EMAIL jmcn@castle.ed.ac.uk

mark@adler.philosophie.uni-stuttgart.de (Mark Johnson) (01/24/91)

Regarding the use of a chart in a DCG parsers implemented in Prolog;
Pereira and Shieber themselves note that the constant factors involved
when the chart is stored by asserting it into the database outweigh
the speedup obtained.

One of the things that the chart does is cache intermediate results (lemmas)
of the computation in such a way that no computation is ever performed
twice.  But as Ken Church first pointed out to me, it may be more
expensive to actually store in and look up the cache than it is to
just redo the original calculation again.  Since asserting
is a very expensive process in Prolog, in most cases it will be
more efficient not to use an assert-based cache.

(There is one case where there is a win, of course.  Left-recursive
clauses cause an infinite number of essentially identical goals
with the top-down proof procedure of prolog, and an approach in
which a computation is performed at most once clearly wins here.
There are other approaches to left-recursion, including left-corner
parsing, which can handle left recursion and doesn't need caching).

I have implemented a couple of chart parsers in Prolog, and
to get half-way acceptable performance I had to do the following:

- Pass around the chart as an argument, rather than store it
  in the database.  This means that the parser itself never
  backtracks, and that edges must be copied before they are used
  (assuming that the categories in the edges are not always ground).

- Build efficient indexing into the chart (edges must be indexed
  on their left-hand string position, etc).

Mark Johnson

quiniou@irisa.fr (Rene Quiniou) (01/24/91)

In article <8014@castle.ed.ac.uk>, jmcn@castle.ed.ac.uk (J McNicol) writes:
| I'm attempting to make DCG parsing more efficient by using a chart,
| using (approximately) Pereira and Shieber's method.  However I find
| that my new parser takes at least twice as long as standard Prolog 
| since it has to do so much housekeeping.
| 
| It seems a shame to abandon it having got as far as a DCG-compatible 
| translator; does anyone have any comments about chart parsing and Prolog, 
| such as 'chart parsing can't be done efficiently enough in Prolog'?
| 


In New Generation Computing, 8 (1990) pp. 113-138, N.K. Simpkins and P. Hancox demonstrate a method called ``Word Incorporation'' which can improve chart parsing, as they state.

Perhaps this may help.

=-=-=-=-=-=-=-=-=-=-=-=-=-=-=-=-=-=-=-=-=-=-=-=-=-=-=-=-=-=-=-=
  QUINIOU Rene                  quiniou@irisa.fr
  INRIA / IRISA                         Phone : +33 99 36 20 00
 Campus Universitaire de Beaulieu       Fax :   99 38 38 32
 35042 RENNES CEDEX - FRANCE            Telex : UNIRISA 950 473F
=-=-=-=-=-=-=-=-=-=-=-=-=-=-=-=-=-=-=-=-=-=-=-=-=-=-=-=-=-=-=-=

gosse@gufal02.let.rug.nl (Gosse Bouma) (01/26/91)

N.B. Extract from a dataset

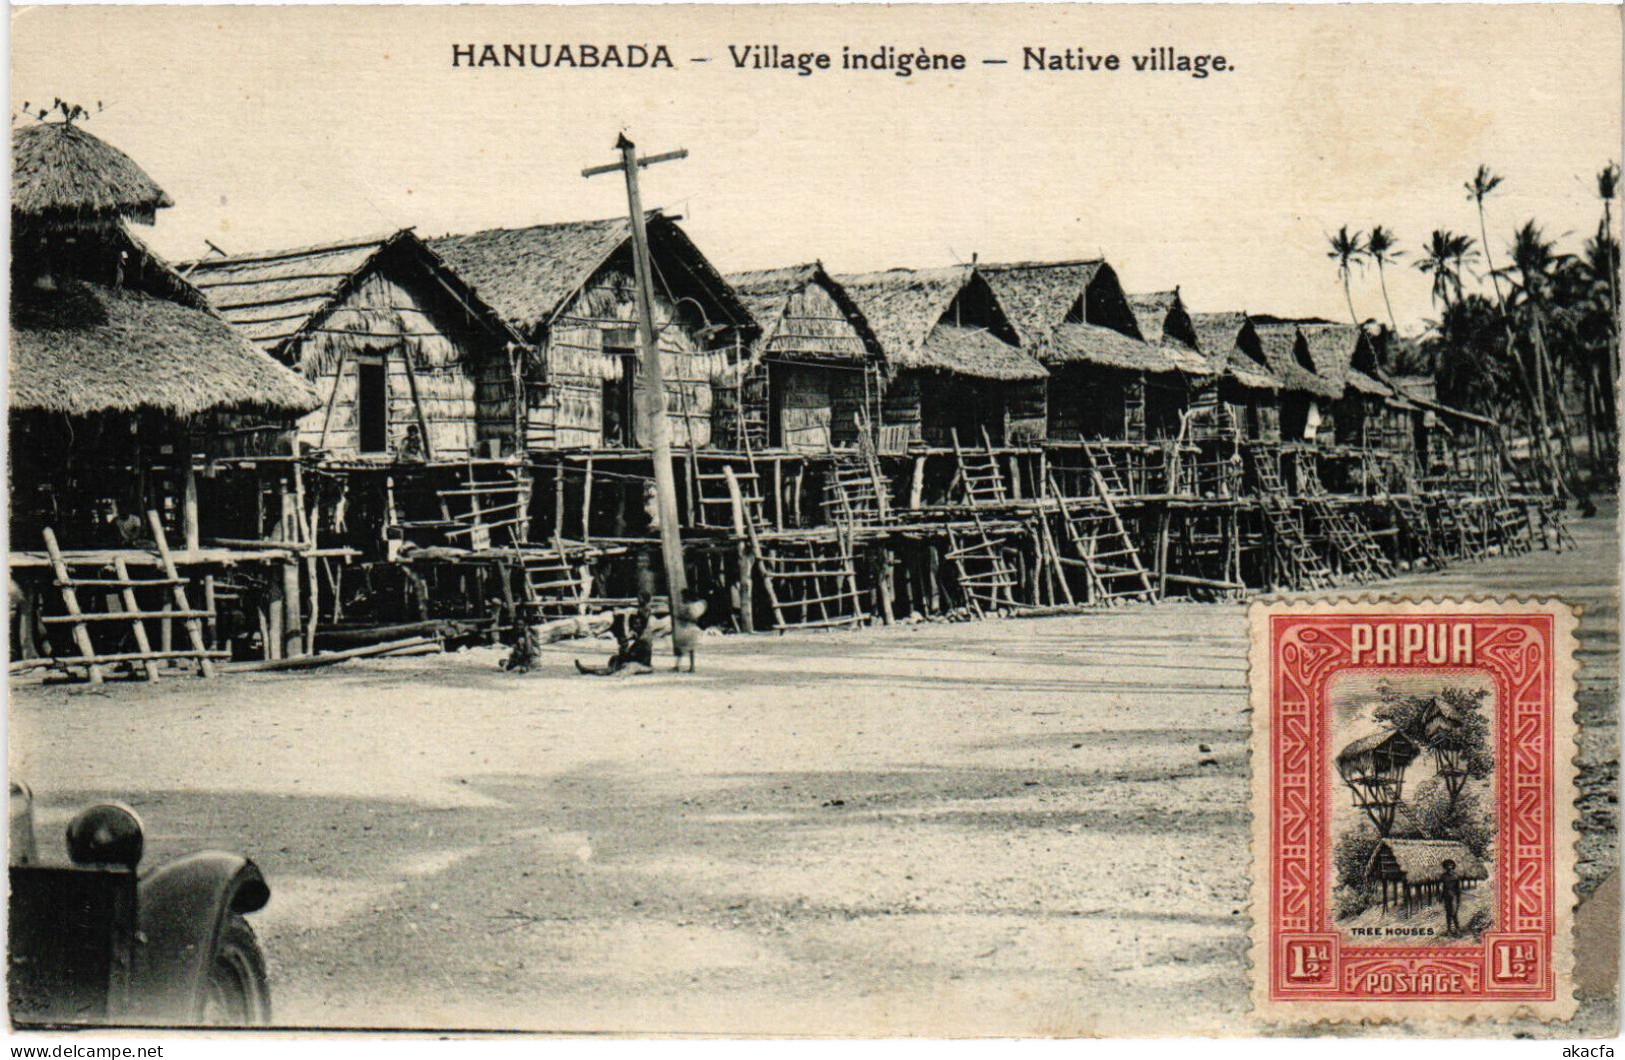 PC NEW GUINEA, HANUABADA, VILLAGE INDIGÉNE, Vintage Postcard (b53567) - Papouasie-Nouvelle-Guinée

In article <MARK.91Jan24122000@adler.philosophie.uni-stuttgart.de> mark@adler.philosophie.uni-stuttgart.de (Mark Johnson) writes:
>
>I have implemented a couple of chart parsers in Prolog, and
>to get half-way acceptable performance I had to do the following:
>
>- Pass around the chart as an argument, rather than store it
>  in the database.  This means that the parser itself never
>  backtracks, and that edges must be copied before they are used
>  (assuming that the categories in the edges are not always ground).
 
How do you pass the chart around? as a list of chart items? I can hardly
believe that going through a list with, say, a few hundred elements is
more efficient in Prolog than just exploiting the data-base.
Also, the copying, which is avoided if you assert items, seems rather
expensive.

Anyway, in my (sicstus)
prolog chart parser for unification grammar, which just
asserts items dynamically, I can have up to 300 items (for 20 words) and 
have a response in 3 secs or so if the grammar isn't too wild. 
I find that reasonable, given the fact that
feature-unification, rather than prolog-unification, has to be performed and
that I have made no attempts whatsoever to index chart items efficiently
(in fact, the first argument is just the number of the item).
Also, given the fact that in unification grammars, the size of the chart items
tends to be rather large, using a list of items as additional argument
seems practically impossible to me. 

--
Gosse Bouma, Alfa-informatica, RUG, Groningen	               gosse@let.rug.nl

	All we cry, all we contend for, in this world of toil and blood,
	is beneath the notice of the hacker we call God.   (Th. Pynchon)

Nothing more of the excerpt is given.